– Эй, Руперт! – крикнул он через плечо. – Разбуди-ка нашего толстяка в пивоварне. К нему пришли!
С соборной площади вдруг послышался топот множества ног. Видимо, возвращался в свой квартал большой отряд стражников. Симон живо представил себе, что произойдет, если они увидят его здесь.
– Э, вам ведь ничего не стоит ворота пока открыть? – спросил лекарь. – Снаружи-то прохладно, да и я все ноги уже отстоял.
– Спокойно, – проворчал стражник. – Сейчас монах подойдет.
Справа уже доносились разрозненные голоса. Симон повернул туда голову и видел не меньше десяти вооруженных стражников, шедших к нему со стороны площади.
– Какая разница, снаружи я жду или внутри, – лекарь попытался улыбнуться. – К тому же у меня живот крутит. На обед гороховую кашу ел, так она прокисшая была. Просто откройте дверь, и…
– Заткнись, я сказал, – перебил его караульный. – Посмотрим сначала, узнает ли тебя пивовар. А то вечно кто-нибудь войти пытается, чтоб убежище выпросить.
Между тем стражников отделяли от лекаря шагов тридцать, не больше.
«Может, меня и не узнают? – раздумывал в отчаянии Симон. – Да им и так захочется выяснить, что я такое делаю посреди ночи перед двором епископа».
– Узнать бы вот, что же там случилось такое… – Стражник высунулся в окошко в надежде что-нибудь разглядеть. – Звонили и орали так, будто турки под городом встали.
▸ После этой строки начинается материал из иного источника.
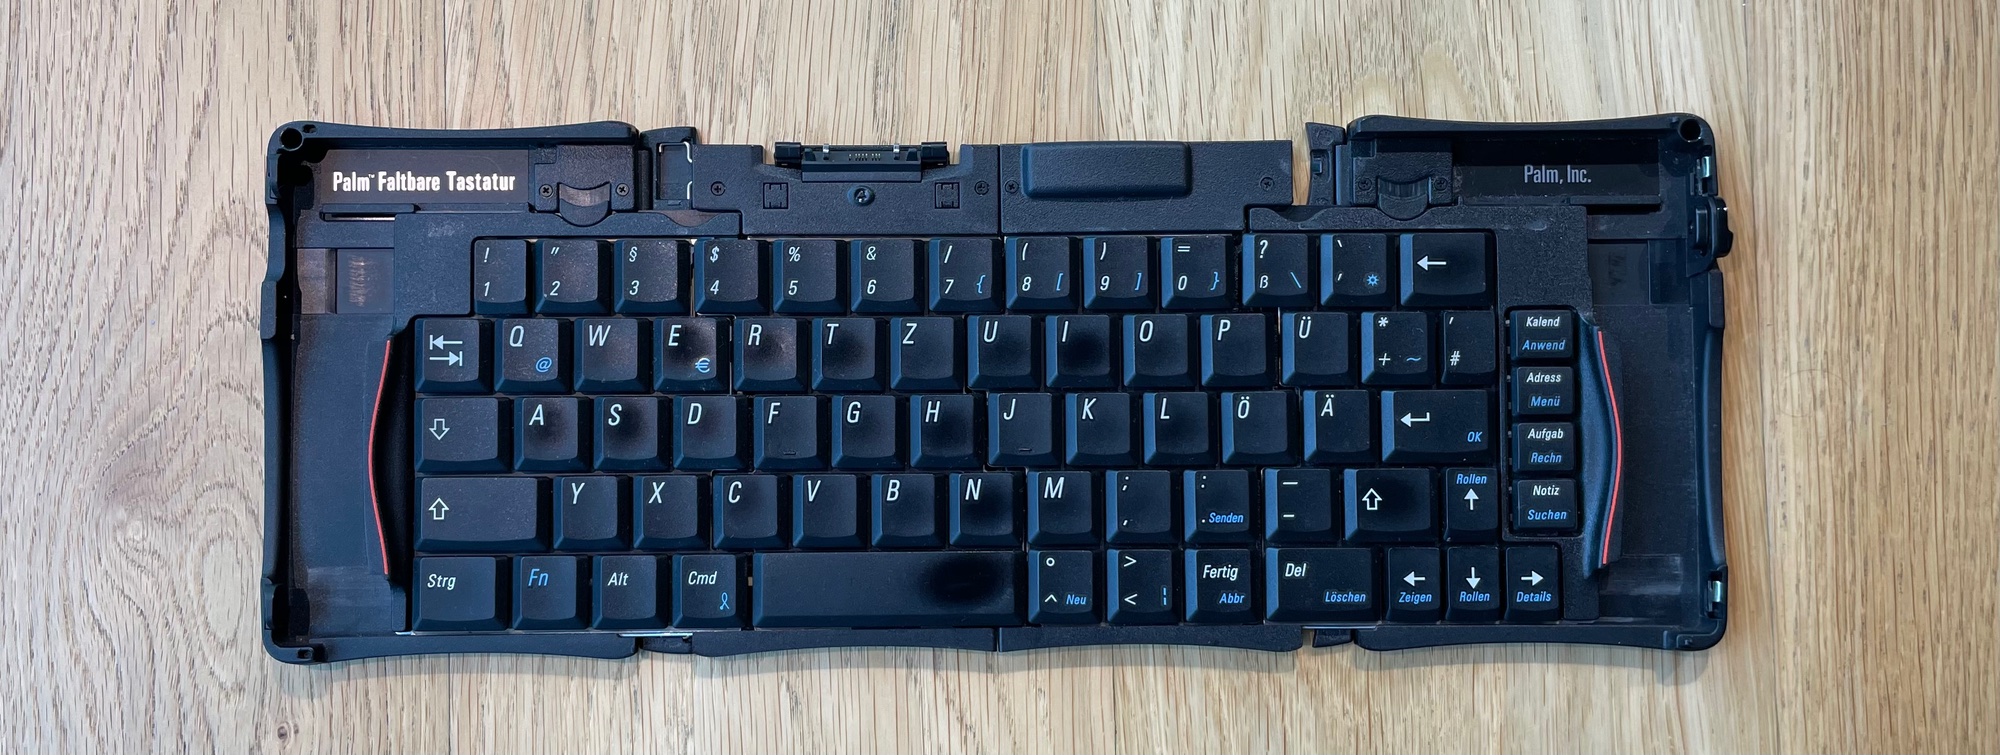 The Stowaway keyboard

Ну вот, теперь наверняка выясним.
И правда: несколько стражников двинулись прямиком к воротам. Один из солдат показал пикой на Симона и что-то прокричал остальным. Лекарю показалось, что они вдруг заметно ускорились. Лицо его тут же покрылось потом. Может, убежать? Но в таком случае ворота ему уже никогда не откроют.
– Эй, ты! – крикнул солдат и ускорил шаг. – Чего там забыл?
В этот миг за воротами прогремел знакомый голос:
– Симон Фронвизер! Решили исповедоваться или просто истосковались по моему пиву?
Лекарь облегченно вздохнул. Похоже, отец Губерт наконец проснулся.
– У меня для вас хорошие новости, – гремел за окошком голос монаха. – Я выяснил, что это за порошок! Но лучше обсудим это в спокойствии за кружкой-другой. Черт бы вас побрал и Господь проклял, может, впустите моего друга?!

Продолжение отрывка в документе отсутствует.